A table lookup is used to determine the value of a variable in the primary table to determine the value of another variable present in a secondary table.
There are several techniques for performing these table lookups. These techniques can be radically different in terms of programming complexity and performance.
You will face complexities and performance issues when dealing with large datasets as a programmer.
In this article, you will learn about seven different table lookup techniques and general guidelines to help you decide which table lookup technique to use.
DATA Step Merges and SQL Joins
The use of joins in an SQL step and the MERGE
in the DATA step is another common way to perform table lookup by matching values between two data sets.
The data must be sorted or indexed using the MERGE statement, while the SQL step does not require data sorting.
1. MERGE Statement
The MERGE statement is used to combine two or more data sets generally used with a common variable that is present in both tables. For this discussion, one of these data sets will contain the information that is to be looked up to.
data subjectVistits;
merge mylib.subjects(in=a) mylib.visits(in=b);
by subjid;
if a;
run;
The BY
statement is used to ensure that the observations are correctly aligned and should also include sufficient variables to form a unique key in all but at most one of the data sets.
Both incoming data sets must be indexed or sorted for a successful table lookup using the MERGE statement.
The IF
statement has been used to eliminate any subjid in subjects dataset that does not appear in the visits dataset. In this case, the visits will be missing for those subjid’s.
If we want to restrict the lookup to only those subjid with matches in the visits dataset, the IF statement could be replaced with if a and b
. The result is achieved directly using SQL join discussed next.
2. SQL Join
The merging process is called a Join when using SQL. Unlike data step merge, the advantage is that the input dataset need not be sorted. However, using SQL join to perform table lookup does use resources when the tables are large.
There are many different types of joins within SQL, and one that closely matches the previous step is shown below.
proc sql noprint;
create table subjectvisits as select a.subjid, b.visitdt, lname, fname from
mylib.subjects a, mylib.visits b where a.subjid=b.subjid;
quit;
SQL does not require either of the two data sets to be sorted before the join. Unless we specifically request that the resulting data table be sorted using the ORDER BY clause, it will reflect the order of the incoming data.

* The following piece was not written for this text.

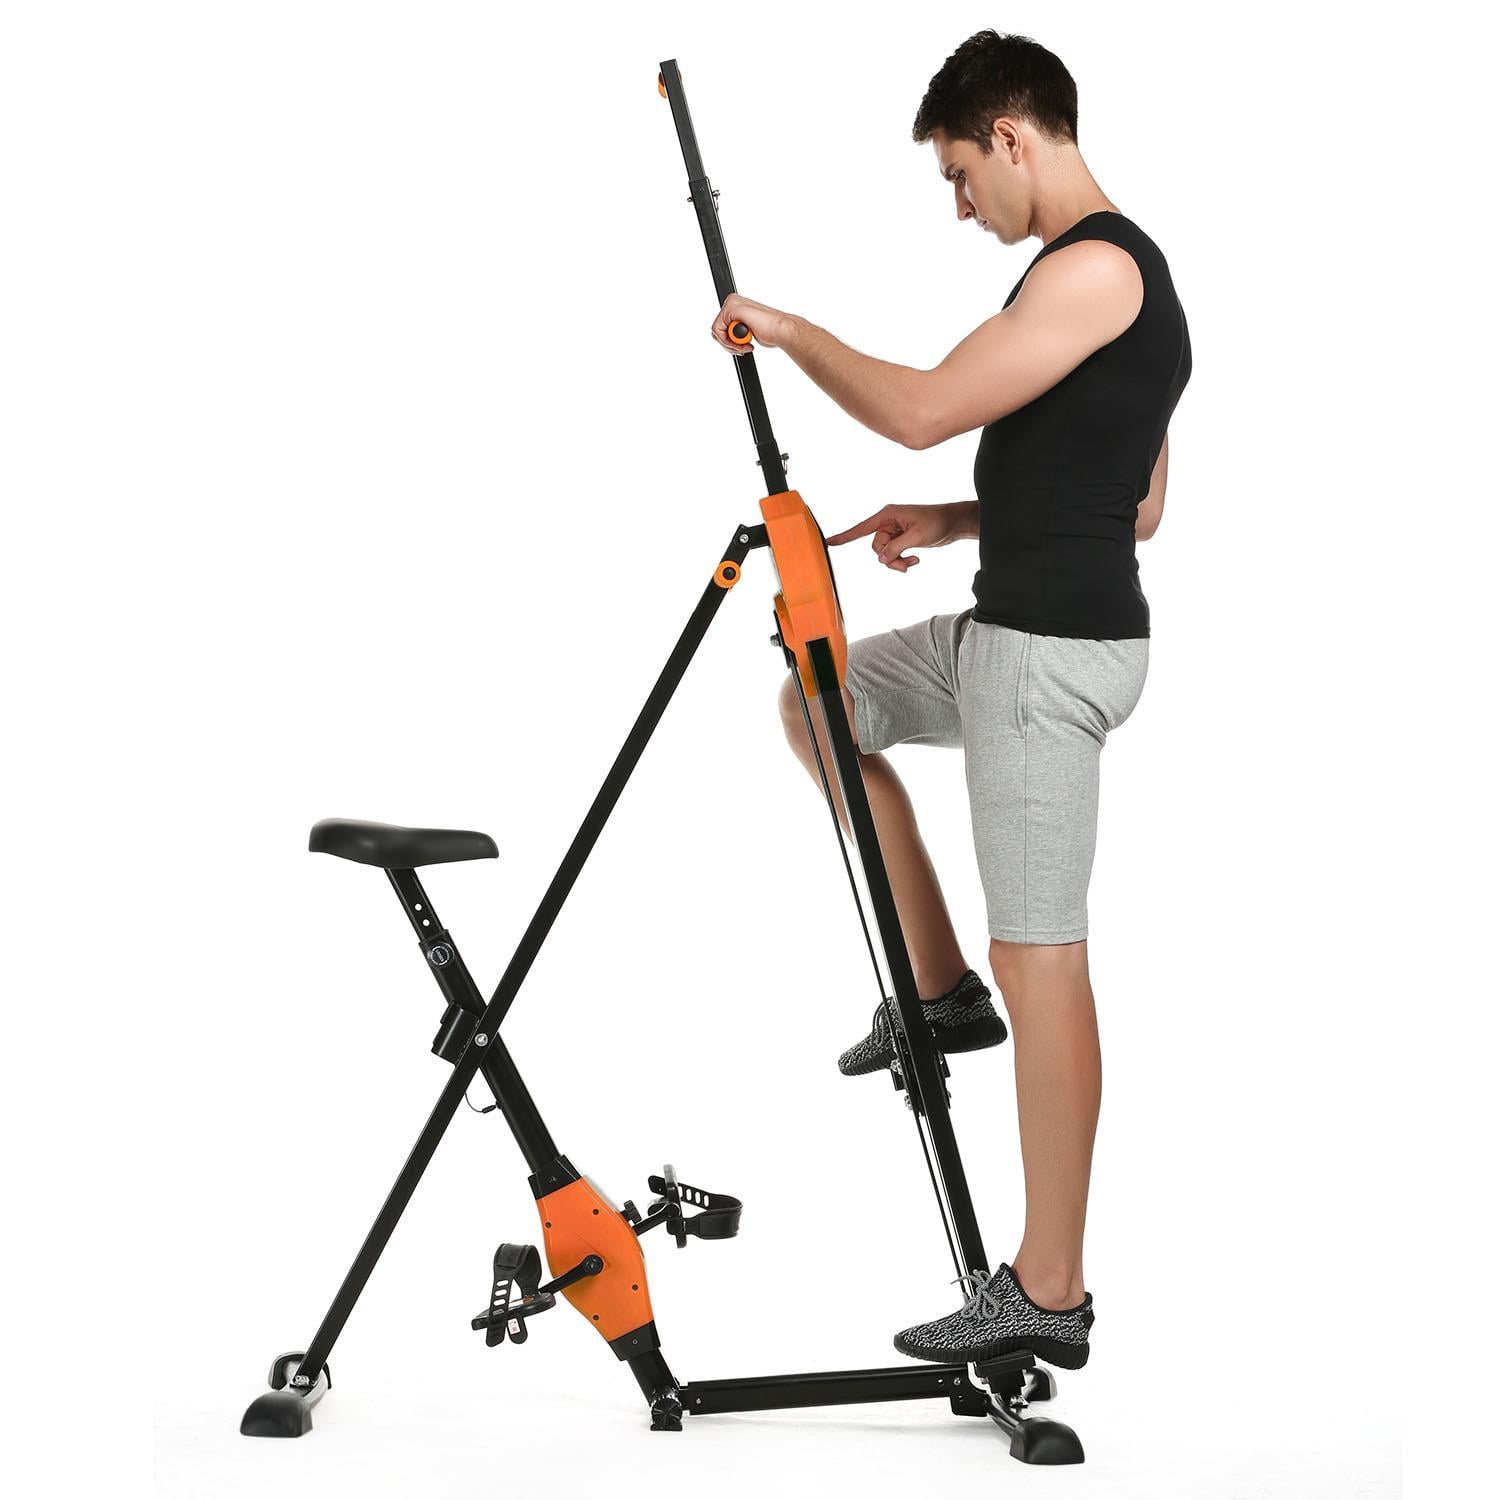 Vertical Maxi Climber Climbing Workout Fitness Stepper Cardio Machine Equipment

3. Merge Using Double SET Statements
The double SET statements can replace the single MERGE statement, and the programmer can perform table lookup keeping the two datasets in sync.
data subjectvisits(keep=subjno visitdt fname lname);
/*Primary dataset*/
set mylib.subjects(rename=(subjid=subjno));
if subjno=subjid then
output;
do while(subjno>subjid);
/*Secondary dataset*/
set mylib.visits(keep=subjid visitdt);
if subjno=subjid then
output;
end;
run;
In this example, the two incoming data sets have already been sorted (by subjid). The primary data set(subjects) contains the observations for which we need the visitdt.
The secondary data set (visits) contains just the names to be retrieved. It is also possible that the lookup data set will contain subjid that have no match in the first or primary data set.
Each observation is read from the primary dataset subjects. Because subjects and visits both have the same variable subjid, it is renamed to subjno. This will allow you to access and compare the subjid’s from both data sets simultaneously.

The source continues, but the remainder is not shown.